The Chambers’ condemnation of the Prosecution’s withholding of evidence to the defence is particularly troubling. Similar allegations plagued the Prosecution during the trial of Thomas Dyilo Lubanga. In fact, the Lubanga trial was almost thrown out of Court on two different occasions because the Prosecution was seen as having violated his right to a fair trial. At the time, many stated – and hoped – that this simply reflected growing pains for a young office and wasn’t representative of any pattern or policy. Another ruling stating that the Prosecution withheld exculpatory evidence from the Defence is troubling indeed, even if the ruling did not find that it was done intentionally.
The silver lining for the Prosecution is that, despite their rebuke, the trial will move ahead and not be returned to the confirmation stage, something that Kenyatta’s defence team had sought. This will certainly come as a huge relief to the Prosecution, especially after having to withdraw charges against Francis Muthaura. A ruling to restart the trial would have been a massive setback for the Office of the Prosecutor.
The Perception Game
In comparison to the Kenyatta, Ruto, and their supporters, the ICC has virtually no resources to counter messaging against the Court’s work – and in support of Kenyatta and Ruto – in Kenya. And it certainly doesn’t help that Kenyatta and Ruto now have control of state means to communicate with Kenyans.
As a result, the Court is losing the perception game in Kenya – if it hasn’t lost it already.

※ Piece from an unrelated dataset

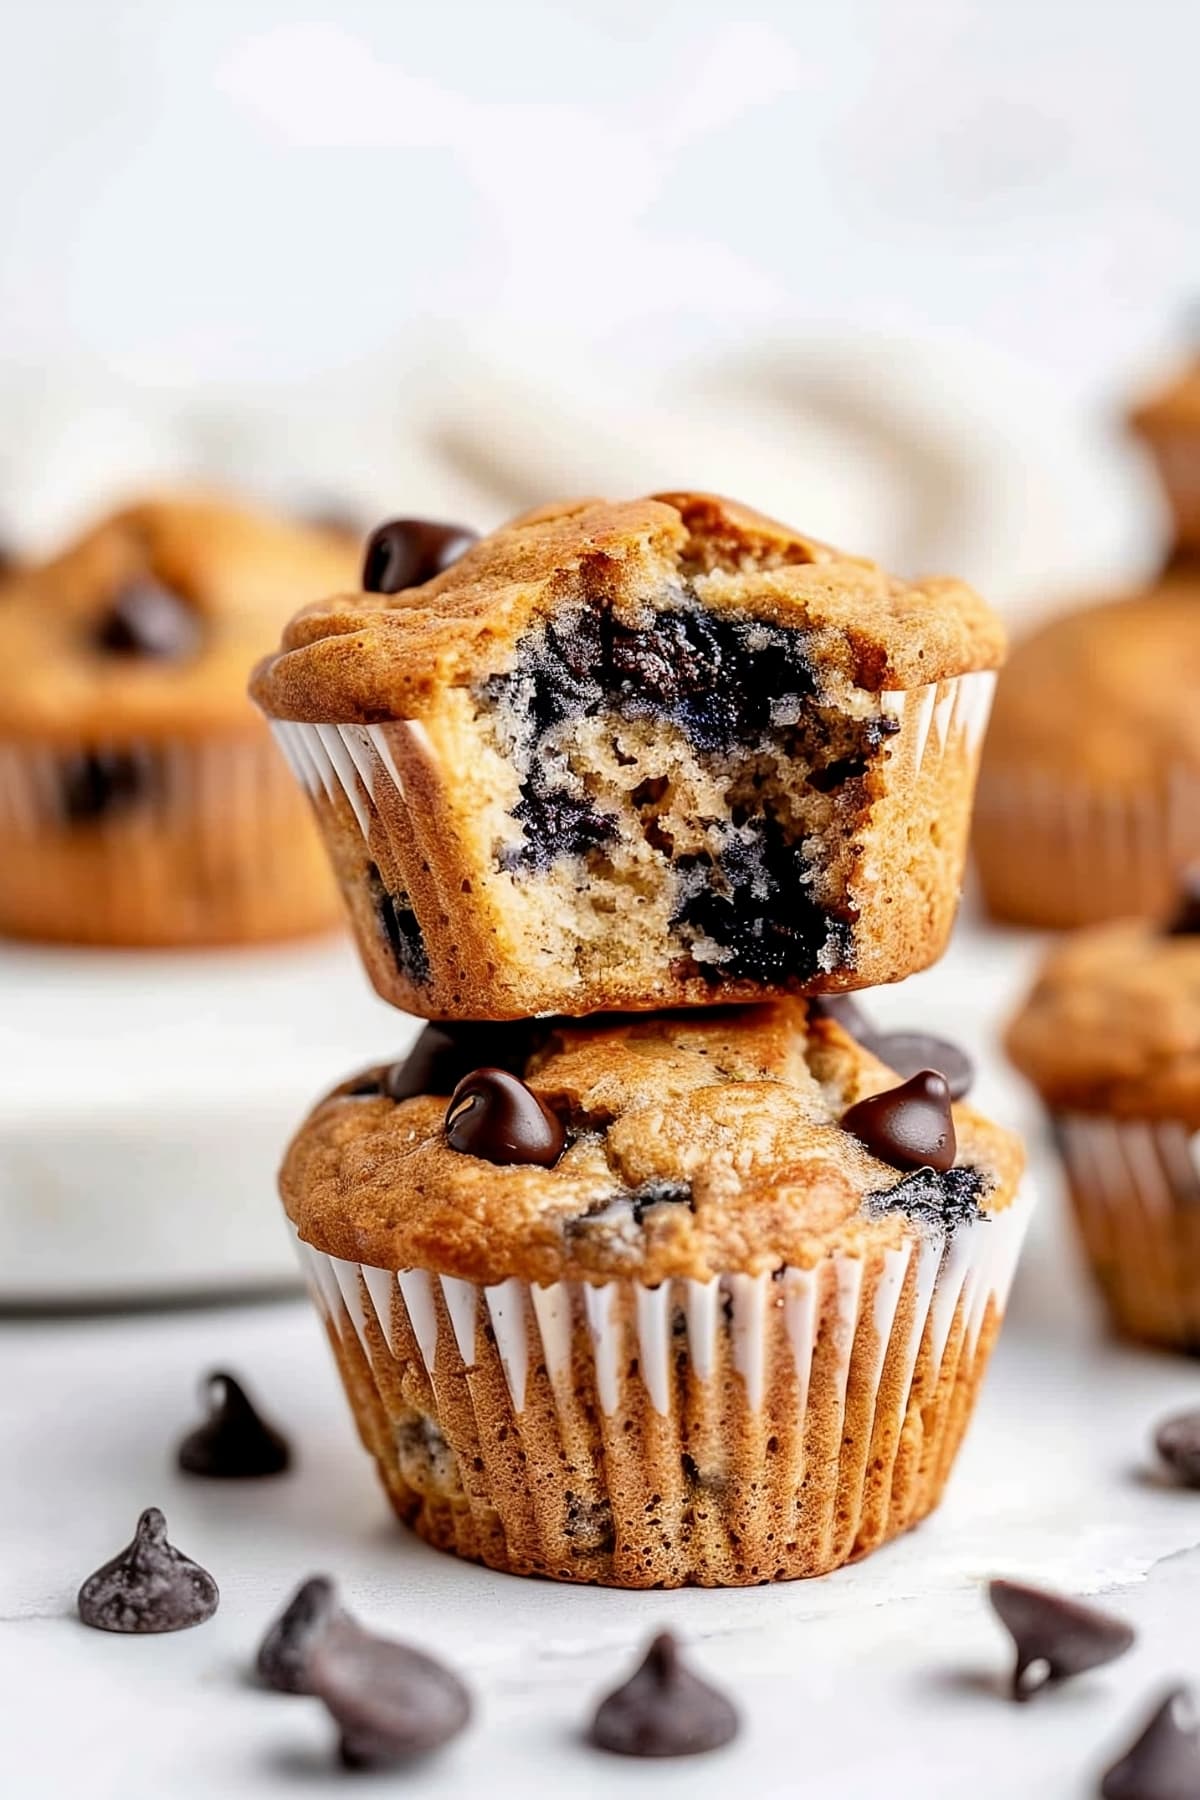 Stacked of homemade kodiak muffins with chocolate chips and blueberries

It is worth stressing that this has less to do with the Court’s decision-making than with its lack of resources as well as the insufficient political support behind it in key cases.
But it certainly doesn’t help when the Prosecution is ripped into by ICC judges. It only adds more fuel for those who seek to lambast and undermine the standing of the Court at any cost. It was thus unsurprising that some local media attributed van den Wyngaert’s decision to remove herself from the trial not to her stated reason (ie. her workload) but to her criticism of the Prosecution. This spin fits not into reality but into the perception game being played by Ruto and Kenyatta’s network of supporters.
Good Law Can Better Perceptions
There isn’t much the Prosecution can do about the perception game. It simply doesn’t have the clout or resources to counter the wave of support or the communications machine in favour of Kenyatta and Ruto. The Court can’t control who wins elections and, without a dramatic surge in political support and funding for its work, it can’t control whether evidence is withheld or witnesses are intimidated.
However, one thing the Prosecution can do is avoid repeating past mistakes which only invite new forms of criticism and media spin. Every mistake is an opportunity to learn. And while a coherent, water-tight and gaffe-free prosecution of Kenyatta and Ruto won’t win the perception game for the ICC, it certainly won’t hurt.